We then split into two groups to brainstorm “what’s interesting in bibliographic data at the moment?”: the two groups managed to fill around 8 flipchart sheets
A few quotes and themes I picked up on:
- What will be the value of OA repositories in hindsight? Will it be open data (some are skeptical) or rather will it be their effect on the publishing industry?
- A really useful application would be a fits-all API to identify possible identifiers within a record/page – ”I think this is an identifier, please tell me what sort it is” – which then leads into a web service to aggregate information about the thing itself (rights information, etc.) – jokingly called “Rate my Regex”! – some interest in this as a project.
- Paul Walk: “Please an we have a day off from Linked Data!?“
- Idea of the role of “data doctor/data wrangler” gaining some currency in institutions.
- There are plenty of code libs for dealing with bibliographic data: pymarc, MARC4J, MARC::Record (perl). solrmarc.
- Owen Stephens: “MARCXML is the worst of MARC combined with the worst of XML. It’s rubbish.“
- A colleague of Peter Murray-Rust (sorry, I didn’t catch your name!). Citable data is not copyrightable. Java library containing ~20,000,000 open article records???
- Mark MacGillivray[?]: “To most people, this [taps laptop] is just a plastic box full of magic.“
After lunch we split again, this time into three groups, each to consider a different aspect of managing Open Bibliographic Data; each to consider opportunities, costs, pitfalls, etc. relating to the technologies themselves as well as to the skills needed in exploiting those technologies:
- Transforming data
- Munging data (both groups 1. and 2. agreed that the two steps are really the same thing – just “more transformation” – also that ‘munging’ is an awful word…)
- Exploitation of data
I was part of the ‘Munging data’ group.
- Problems in the move from a unitary system to distributed data services – loss of control (quality of 3rd-party data can be a problem for the librarian mindset!), worries over sustainability of mashup-style approaches (c.f. dbpedia, BBC RDF, the now-defunct Talis Silkworm project). However, openness itself provides some guarantee against things becoming defunct (i.e. Open Source Software)_.
- Need to think about the capacity (and the uneven geographic distribution) of local skills
- “Any data is better than no data”. Use of third-party open data is not really a challenge for management any more (only cataloguers care!)?
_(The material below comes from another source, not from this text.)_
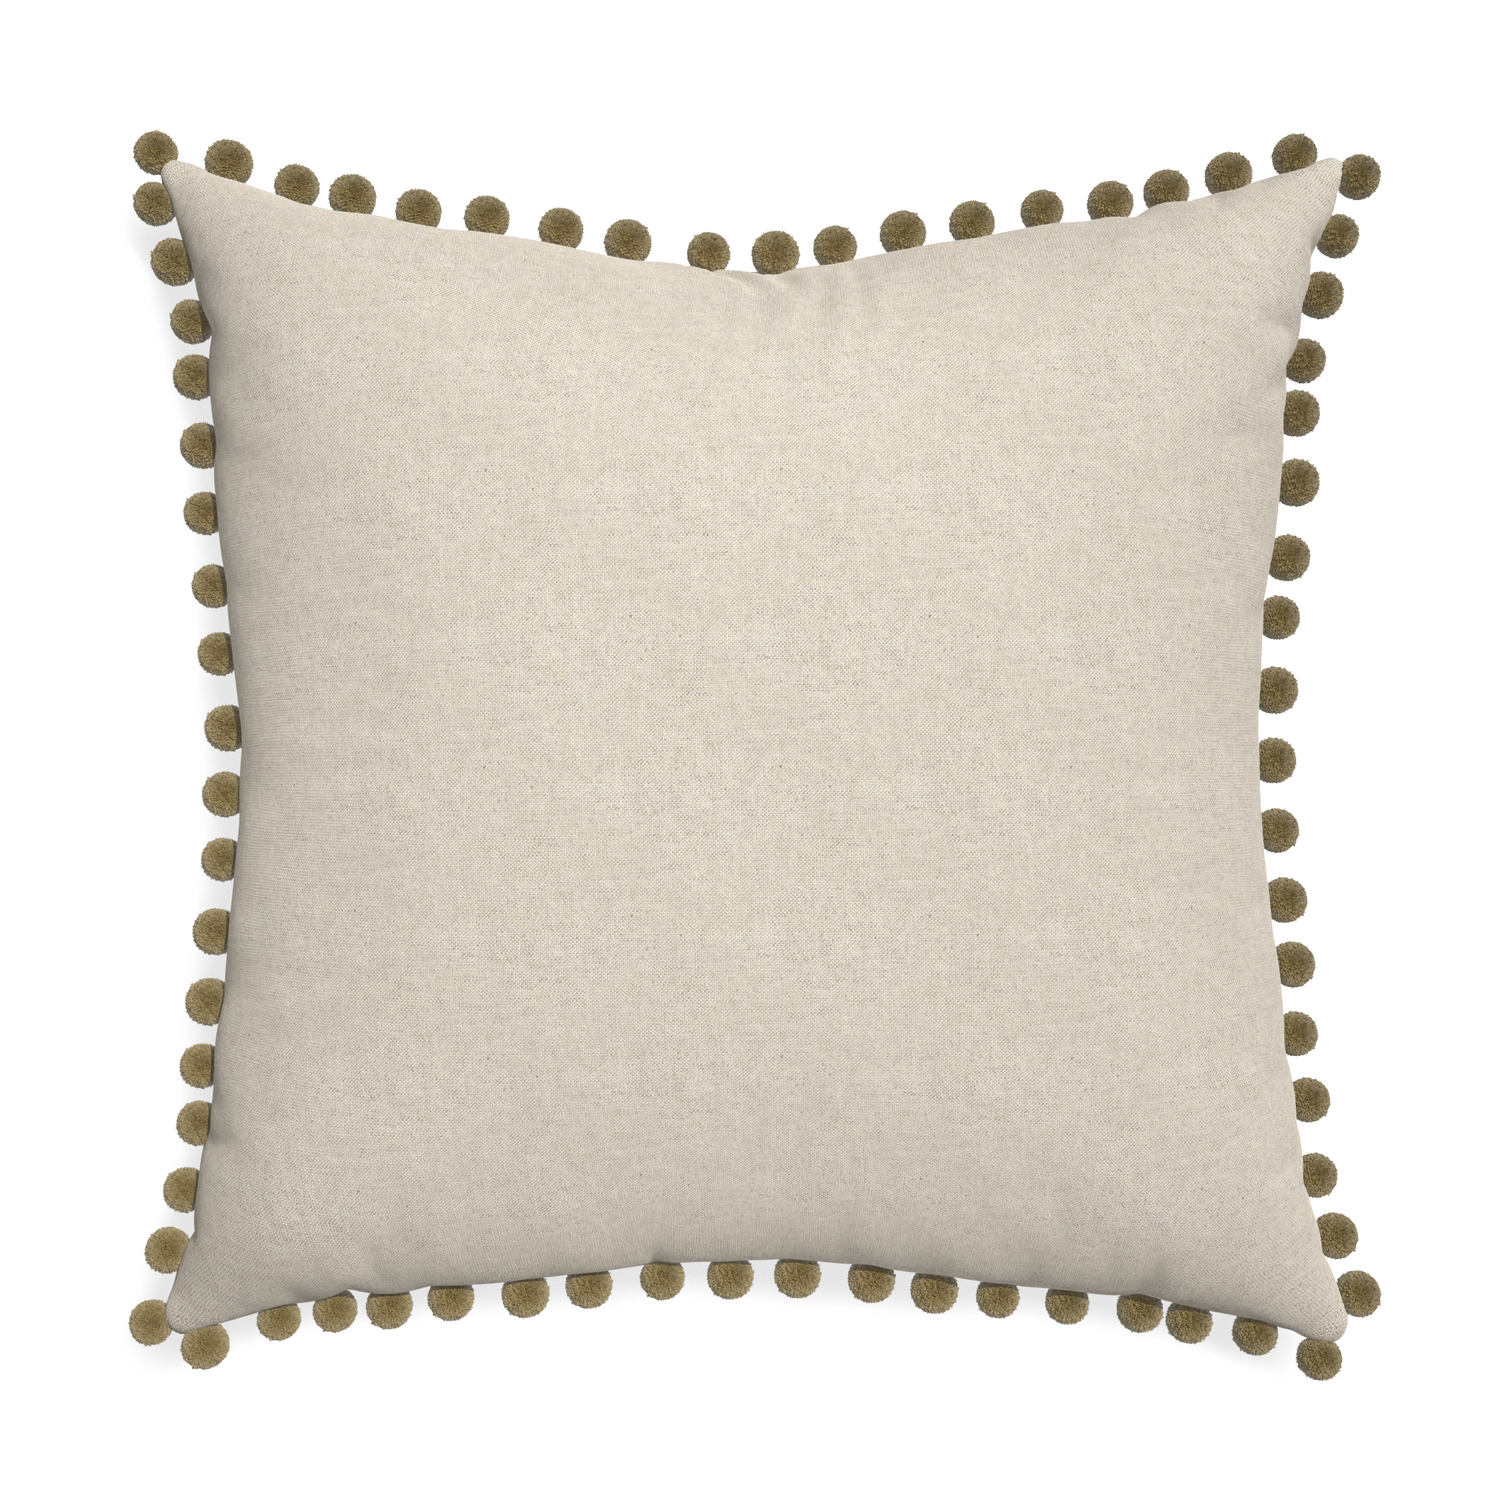 Euro-sham oat custom pillow with olive pom pom on white background

But still important are notions of provenance, attribution, putting power back in the hands of the end user.
- We need to think at the citation level – is there a big difference between personal and institutional data?
- Character encoding!
- Skills. Not enough developers. Unevenly distributed geographically. (Can we construct a course/curriculum for open community development skills?).
- #ukdiscovery is somewhat distant from the mundane concerns of libraries. Ed Chamberlain is speaking to a group of cataloguers in Oxford about OBD – that’s the sort of thing we want!
- Thinking about the role of CILIP and ‘professionalism’ – keeping [technical] skills up to date. Portfolios/competency framework approaches. Can we get a push from the top of the library profession?
- Technology gaps, on the other hand, have mostly gone away. There are enough interesting and easy things to keep us busy without having to worry too much about the things that still don’t work. JISC can help to convince (smaller?) institutions that open development should be trusted.
- Still attempting to overcome legacy licensing issues. Instead of concentrating on dealing with old data, why don’t we just take a “line in the sand” approach and make sure we’re being 100% open from now on. Do the OBD principles need to be extended?
- Make use of feedback loops. Learn something about your data by feeding how it’s been used back into the system. Use this usage to inform your transformations.